Statistical Analysis
SPSS and R software were used for statistical analysis. Unless otherwise indicated, a P value < 0.05 was considered statistically significant. Two-tailed Student’s t tests were used to test the differences between different groups.
Results
Identification of Hub ERGs in HCC
The analysis flowchart is shown in Figure 1. We integrated the 2397 ERGs mentioned above. First, based on the combination of TCGA-LIHC and the GTEX liver sequence data set, we used differential gene analysis because the TCGA-LIHC data set has a few samples of normal liver tissue. The cutoff criterion was FC > 1.5 and FDR < 0.01. Considering the advantages and disadvantages of sequencing and microarrays in evaluating gene expression, we further verified the above results in the largest and most comprehensive online HCC microarray data set, GSE14520, with a cutoff value of FDR < 0.01, which identified 492 differentially expressed ERGs (Figure 2A). To further obtain clinically significant ERGs in HCC, we applied WGCNA to analyze the above genes and obtained five modules in HCC; among them, the blue, black, green, and yellow modules were closely related to patient DFI, PFI and OS based on the widely validated TCGA clinical data, resulting in 410 hub ERGs (Figure 2B).

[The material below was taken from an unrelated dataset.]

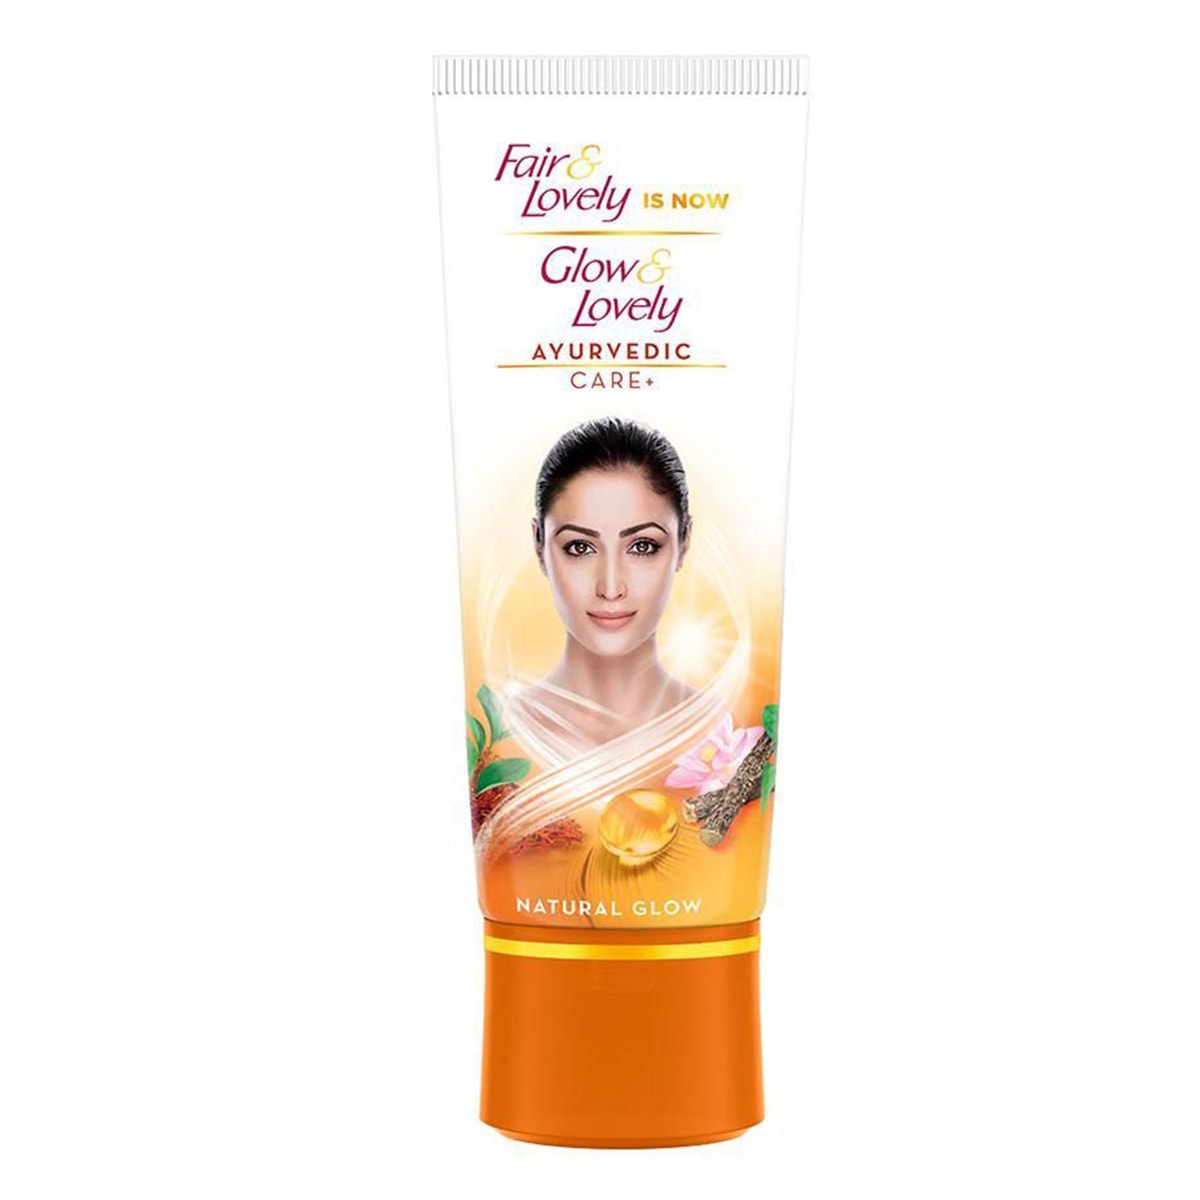 Buy Glow and Lovely Ayurvedic Care Cream - 50 gm

Figure 2 Systematic analysis of epigenetic-related genes. (A) Volcano maps for 492 differentially expressed ERGs based on the GTEX-TCGA data set. (B) WGCNA analyzed the 492 ERGs combined with TCGA clinical information. (C) KEGG analysis of 410 hub ERGs. (D) GO analysis of 410 hub ERGs. (E) The apparent regulatory network based on a correlation coefficient greater than 0.7.
KEGG and GO Analysis and Construction of the Epigenetic Factor Regulatory Network
Kyoto Encyclopedia of Genes and Genomes (KEGG) and Gene Ontology (GO) analyses, which can identify gene functions in a high throughput manner based on previous gene annotation, were performed to explore the functions of 410 hub ERGs. The KEGG pathways included ribosome, spliceosome and RNA transport (Figure 2C). In addition, the GO analyses showed that biological process (BP) terms were mainly regulation of RNA splicing, ribonucleoprotein biogenesis, and RNA splicing; the cell component (CC) terms were ribosomal subunit, ribosome and spliceosomal complex; and the molecular function terms showed significant enrichment in structural constituent of ribosome, catalytic activity, acting on RNA and nuclease activity (Figure 2D). Furthermore, to determine the regulatory targets of ERGs, we identified the differentially expressed genes in HCC according to the previous analysis and constructed an apparent differentially expressed regulatory network according to a correlation coefficient greater than 0.75 (Figure 2E).
ERGs for the Diagnosis of HCC
To evaluate the diagnostic value of hub ERGs, we strictly filtered the range of differences, and the cutoff log2FC value was greater than 2.5 based on the TCGA-GTEX data set, which identified 26 ERGs (Figure 3A). For the accuracy and refinement of the model, we performed support vector machine (SVM) and least absolute shrinkage and selection operator (lasso) analyses, and four genes were selected from the intersection to construct a diagnostic epigenetic risk score (dERS) model using multivariate logistic regression analysis. The model formula is = (1.245*TOP2A)+ (−1.144*GRHL2)+(1.667*-RNASE4)+(1.963*CDKN2A) (Figures 3B–D). In the TCGA-GTEX data set, the receiver operating characteristic curve (ROC) showed an excellent AUC value (0.996), specificity (0.972) and sensitivity (0.969) which cutoff value was −2.51 (Figure 3E). We also verified the above diagnostic model with the independent data set ICGC-JP (Figure 3F). In addition, we also verified the above diagnostic model in the microarray data set (GSE14520), indicating that the above model is not only suitable for sequencing data, but also suitable for microarray data (Figure 3G).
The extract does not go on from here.